The knowledge of someday having his mistress sat beside him like queen and king to his creations – against demons and opposing reapers alike – as their army of 'unholy' creations dominated the world. They would conquer the very fear of death, side by side, and... all he needed was her to just agree with him. To join him. Then, perhaps he'd consider digging up that old tart of hers and try fixing her up as a gift. If he could trust her enough.
"You're not that old," she said, quietly in his ear, "not really. You're still so young – younger than me, perhaps." Undertaker did not reply to her moment of jest, and instead leaned back and feigned deep, distant thought. As he hummed to himself, she asked, "What? What's wrong?" He paid her very little mind. "What have I done?"
"Oh, what haven't you done, my little pet?" he asked her, at last, and held her face just to watch her nuzzle into it like a lost kitten searching for warmth. It never failed to amuse him – he'd tell her anything worth interest, if she'd asked, for she was so amusing, and amusement was always the best kind of money. He rubbed her piteously flat chest in thought, and she let out a sad little rumble at the gentle gesture. "You haven't joined my cause."
"I want to – really, I do – it's just that..."
"What, my pet?" he asked with a coiled, sympathetic voice that one might have used to console a toddler that had just burst into tears.
"It's silly really," she excused, "I'll join one day, I promise. Just... not yet."

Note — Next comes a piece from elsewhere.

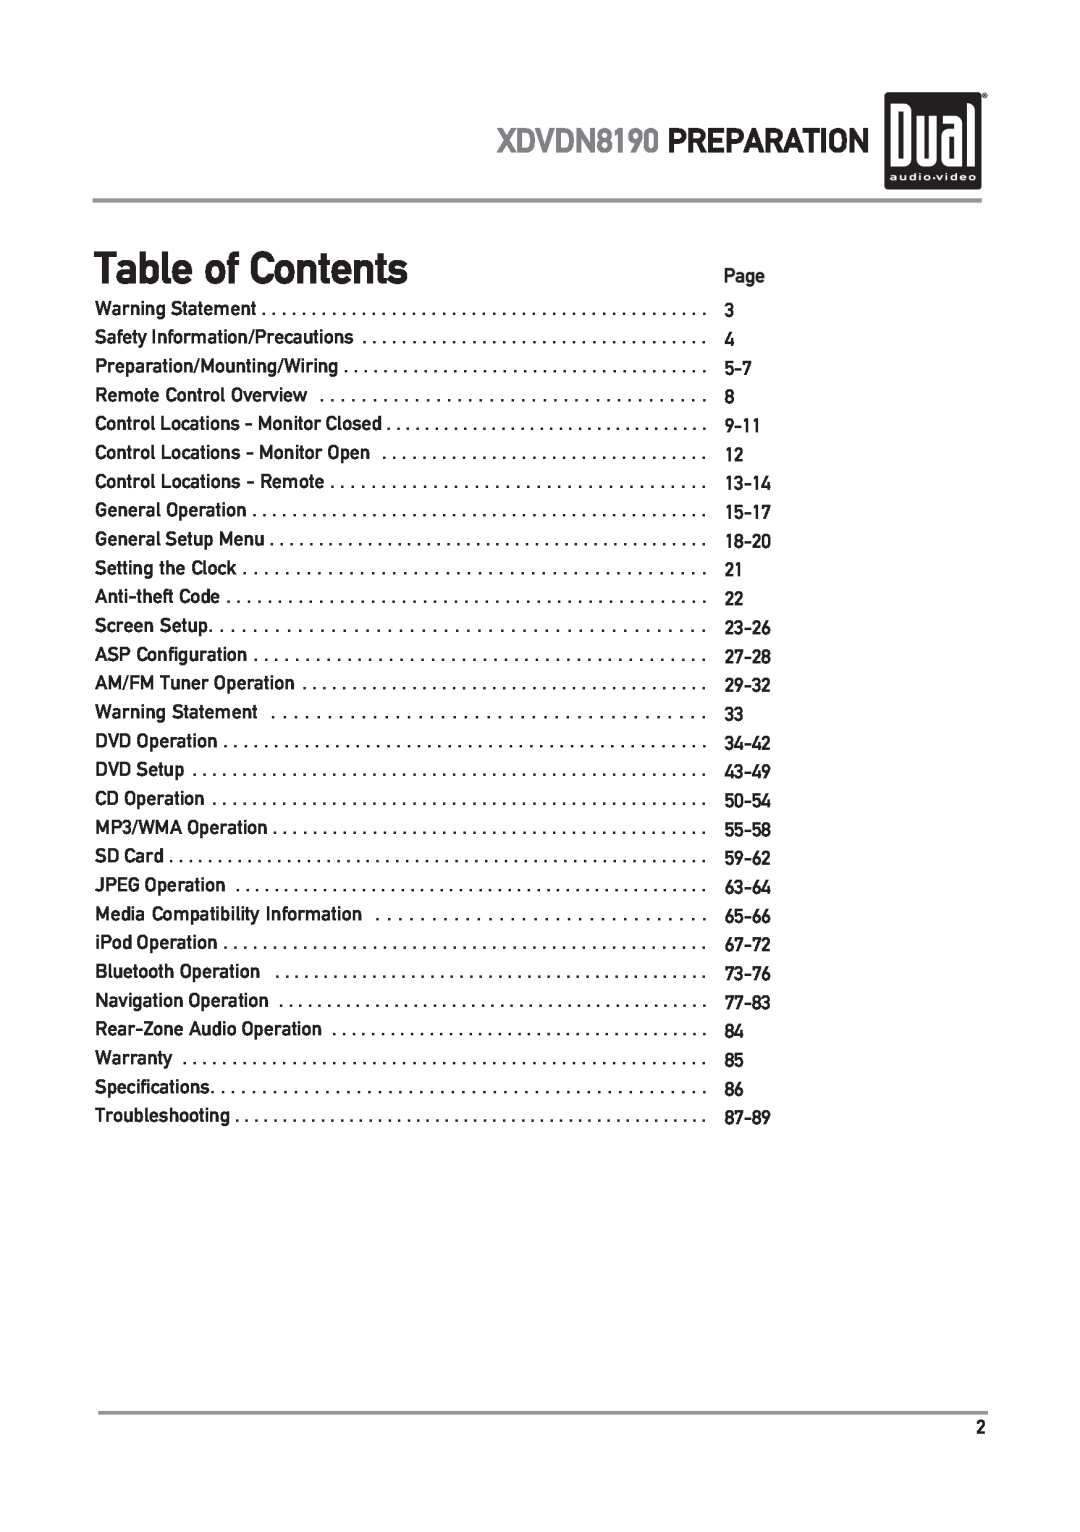 Dual owner manual Table of Contents, XDVDN8190 PREPARATION, Page

A flush of anger became him, and he firmly held her upper arm for support. "How many times have I told you? That dispatch doesn't need you – it doesn't love you like I do. All those reapers still see you as the body you were never meant to have," he pulled her closer and pushed her head down onto his shoulder, under his chin. She complied easily enough – she could never resist him for long. "But not me."
"Not you," she repeated, into his his skin.
"You owe me that promise, pet," he reminded her diligently. "Remember the promise you've made me, here tonight. You know how forgetful you can get."
"Forgetful," she echoed, because she didn't know what else to say.
So, he knew he had to guide her. Give her one helpful little shove – "Say thank you."
Grelle inhaled sharply, and he could feel her fingers grip into the chest of his robe. There was a moment of silence, save for the tick-tick-tick and then chime of the grandfather clock. "Thank you," she said, through the monophonic din.
As the clock neared its ninth chime, Undertaker smiled complacently, and ran a loving hand through her hair. "Good girl," he told her, and there they stayed in near-silence for the next couple of hours, dreaming of her promise.